* Recorded information:
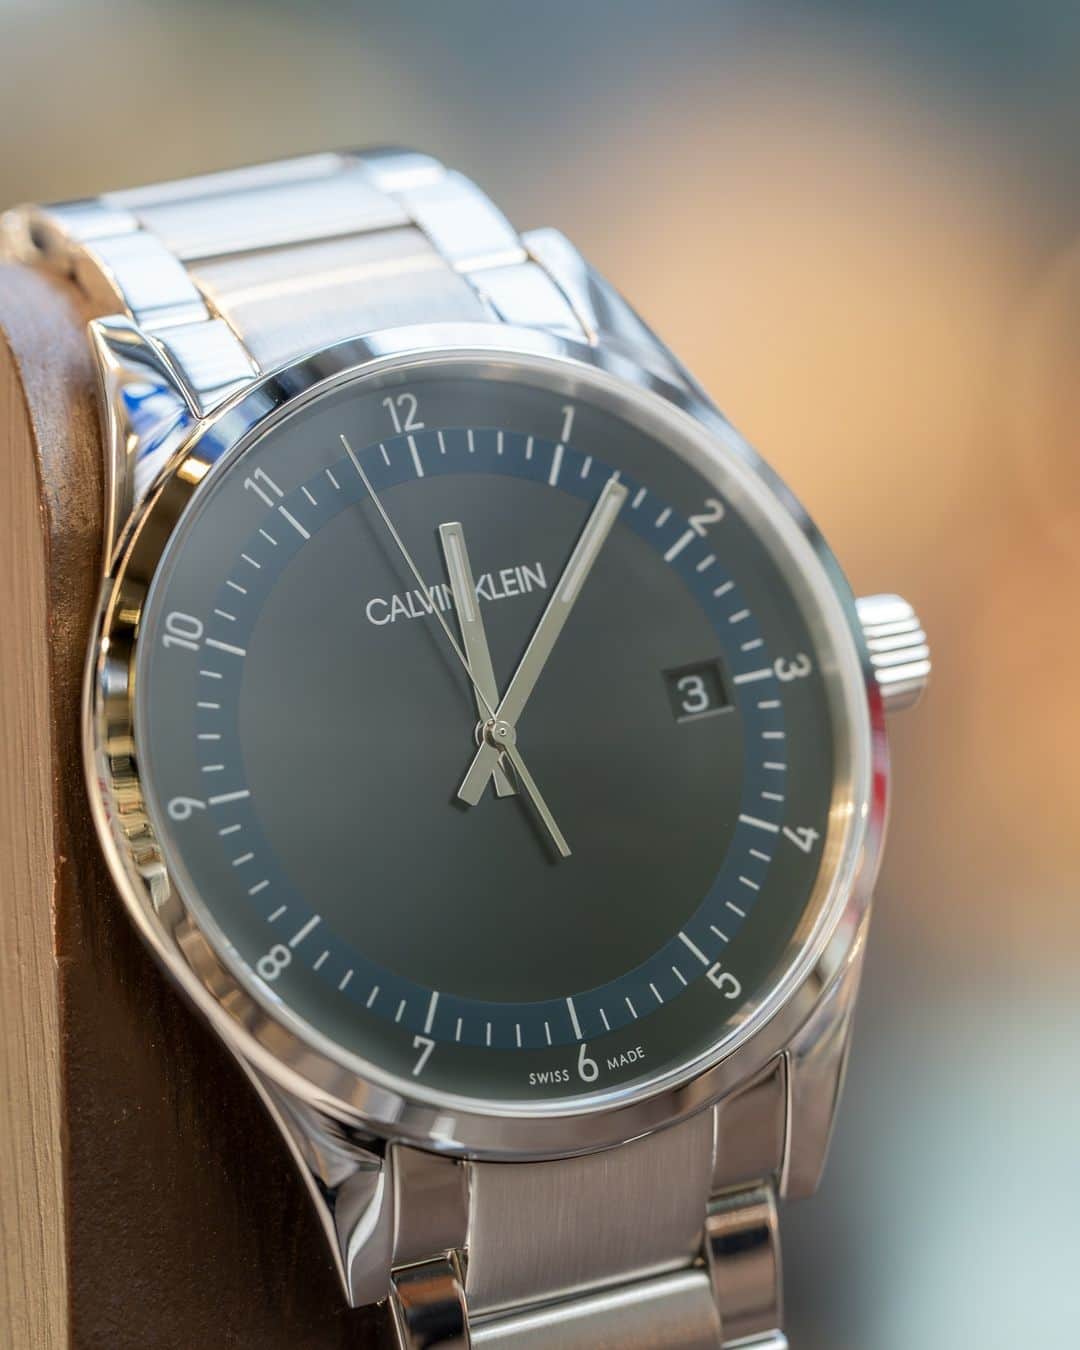 時計倉庫TOKIA 公式アカウントのインスタグラム：「⌚️ 【商品紹介】 Calvin Klein 品番: KAM21141  今回はCalvin Kleinのお時計をご紹介します！  黒でまとめられた文字盤にサークル状に控えめなネイビーでインデックスを飾っているのがおしゃれな1本です。針とカレンダー、インデックスの文字は白なので視認性もよく使いやすさも兼ね備えています！スーツスタイルにもぴったりで普段使いできます！  大きさや実際の色味など、ぜひ店頭でお試しください！スタッフ一同、心よりお待ちしております🙇‍♀️  ……………………………………………………….................  ☟オンラインショップはプロフィールURLから☟ @tokia_official  ……………………………………………………….................  #時計倉庫 #時計倉庫tokia #腕時計 #watch #手表 #腕元倶楽部 #腕時計好きな人と繋がりたい #ck #ckwatch #calvinklein #calvinkleinwatch #カルバンクライン #カルバンクライン時計」
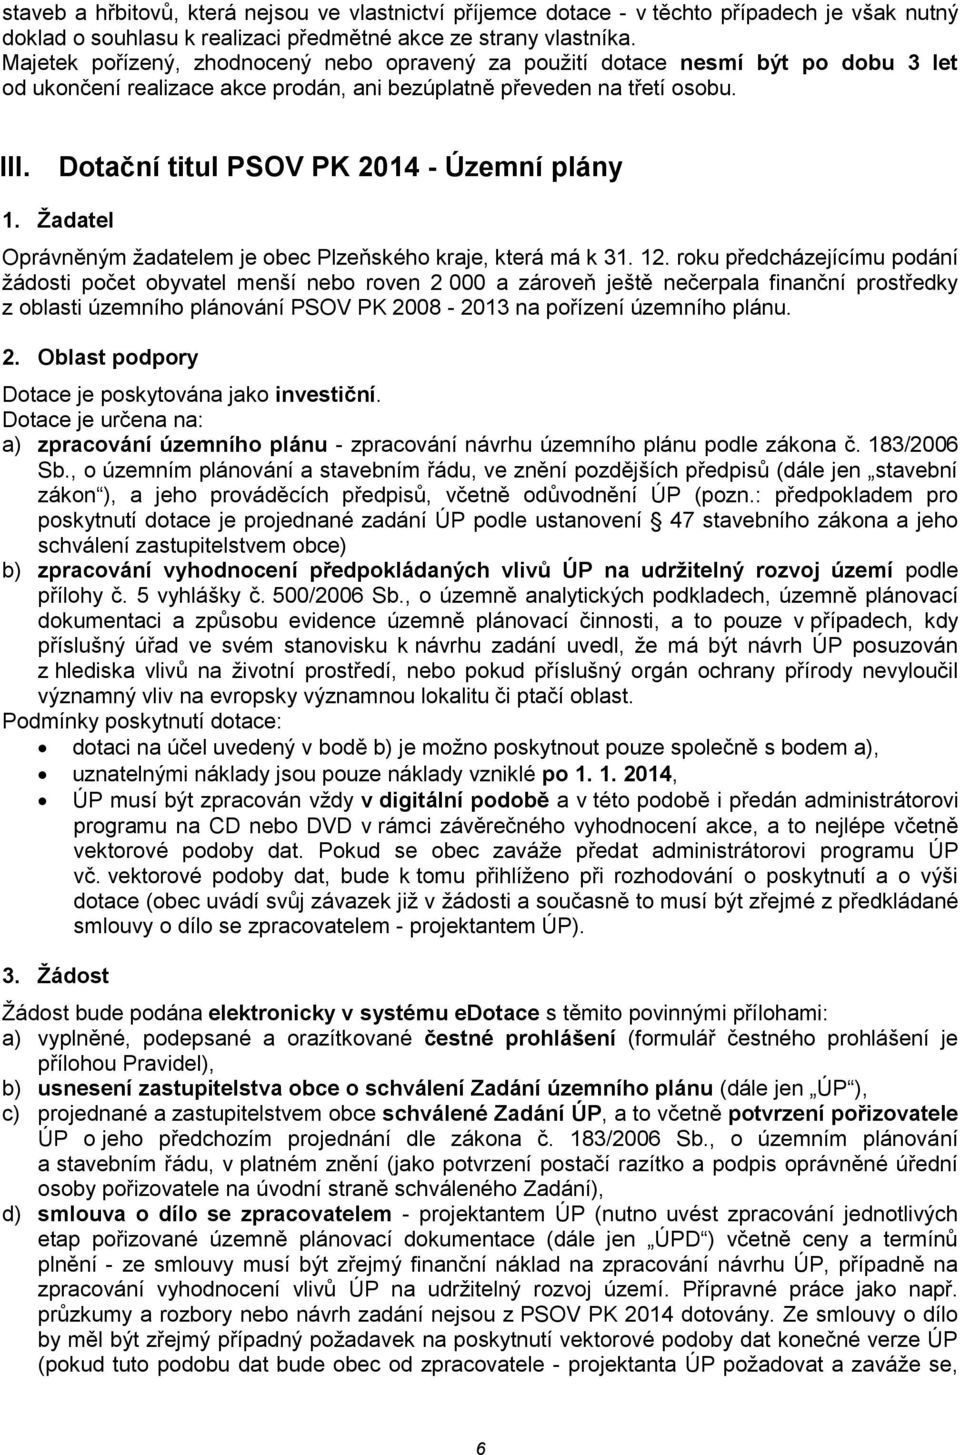 Dotační titul PSOV PK 2014 - Územní plány 1. Žadatel Oprávněným žadatelem je obec Plzeňského kraje, která má k 31. 12.
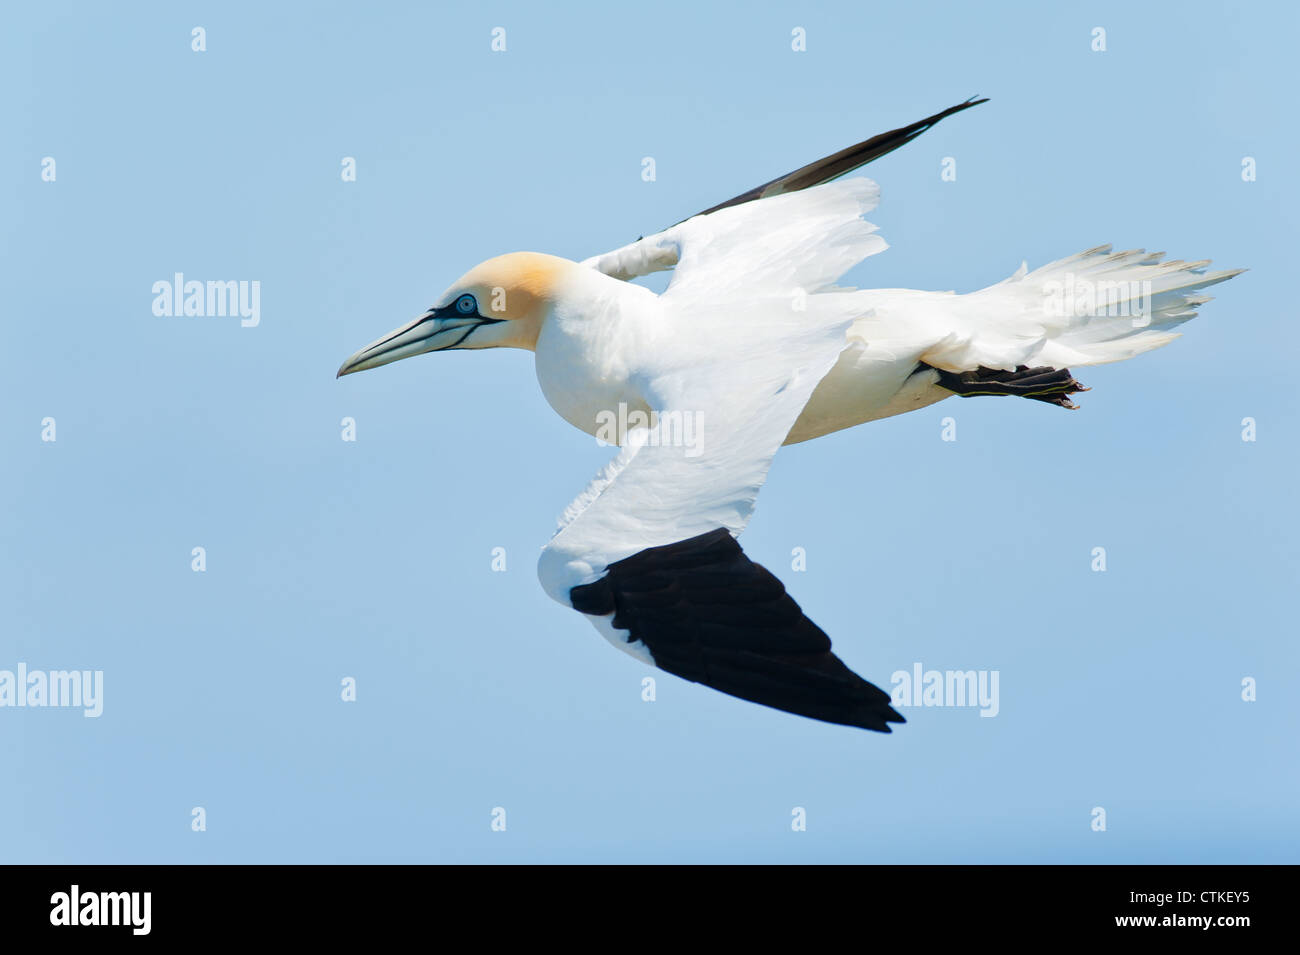 Un northern gannet Morus bassanus Sula bassana graziosamente battenti soaring in volo sopra l'oceano con nebuloso cielo blu dietro. Foto Stock
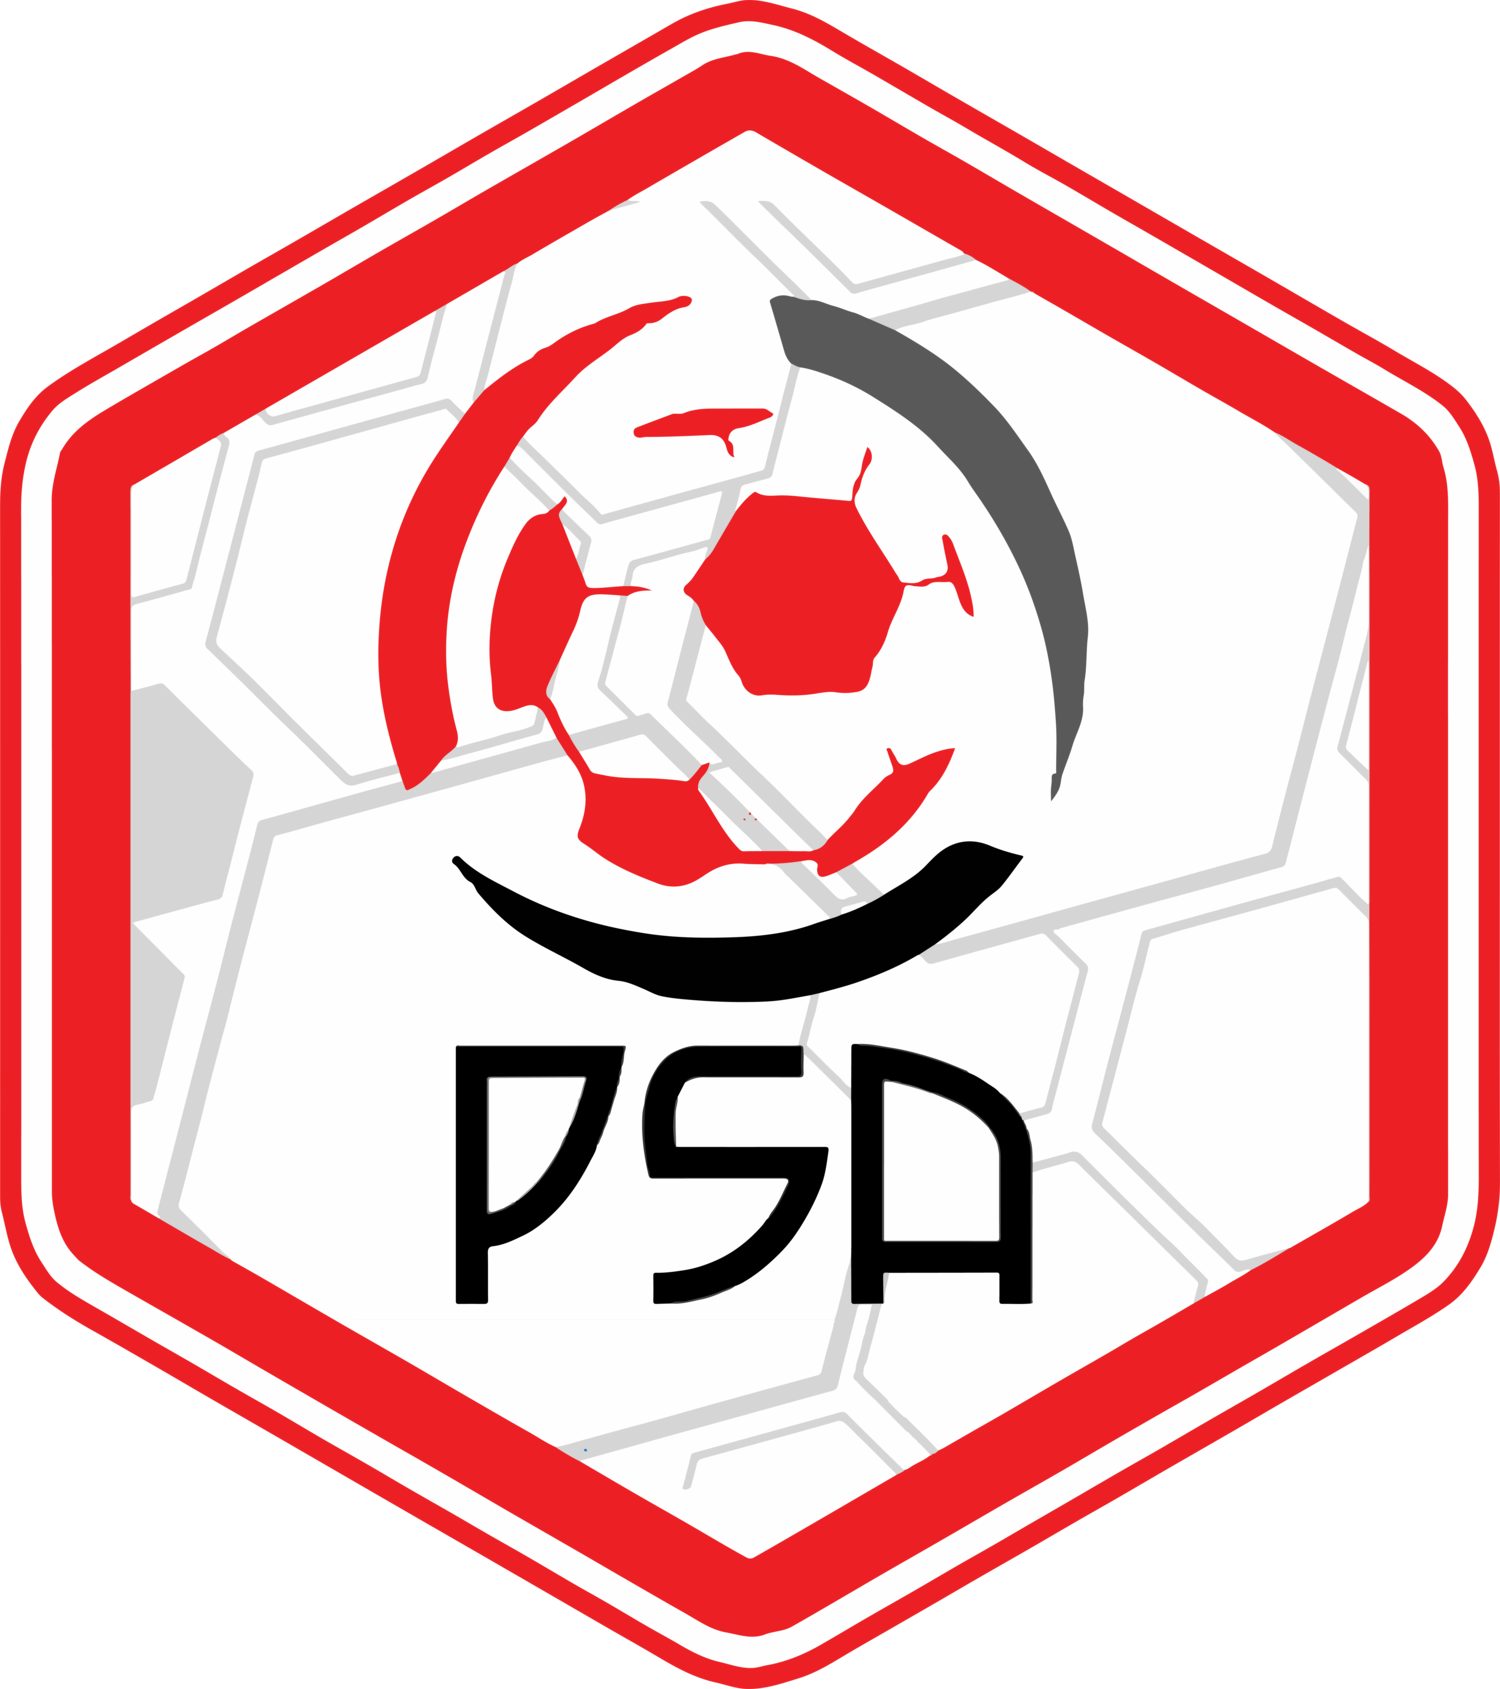 PSA - Pro Sports Academy

* What to work on: Your task is to reproduce all of the material exactly. The pictures stay out.

* Expected answer:
 時計倉庫TOKIA 公式アカウントのインスタグラム：「⌚️ 【商品紹介】 Calvin Klein 品番: KAM21141  今回はCalvin Kleinのお時計をご紹介します！  黒でまとめられた文字盤にサークル状に控えめなネイビーでインデックスを飾っているのがおしゃれな1本です。針とカレンダー、インデックスの文字は白なので視認性もよく使いやすさも兼ね備えています！スーツスタイルにもぴったりで普段使いできます！  大きさや実際の色味など、ぜひ店頭でお試しください！スタッフ一同、心よりお待ちしております🙇‍♀️  ……………………………………………………….................  ☟オンラインショップはプロフィールURLから☟ @tokia_official  ……………………………………………………….................  #時計倉庫 #時計倉庫tokia #腕時計 #watch #手表 #腕元倶楽部 #腕時計好きな人と繋がりたい #ck #ckwatch #calvinklein #calvinkleinwatch #カルバンクライン #カルバンクライン時計」
 Dotační titul PSOV PK 2014 - Územní plány 1. Žadatel Oprávněným žadatelem je obec Plzeňského kraje, která má k 31. 12.
 Un northern gannet Morus bassanus Sula bassana graziosamente battenti soaring in volo sopra l'oceano con nebuloso cielo blu dietro. Foto Stock
 PSA - Pro Sports Academy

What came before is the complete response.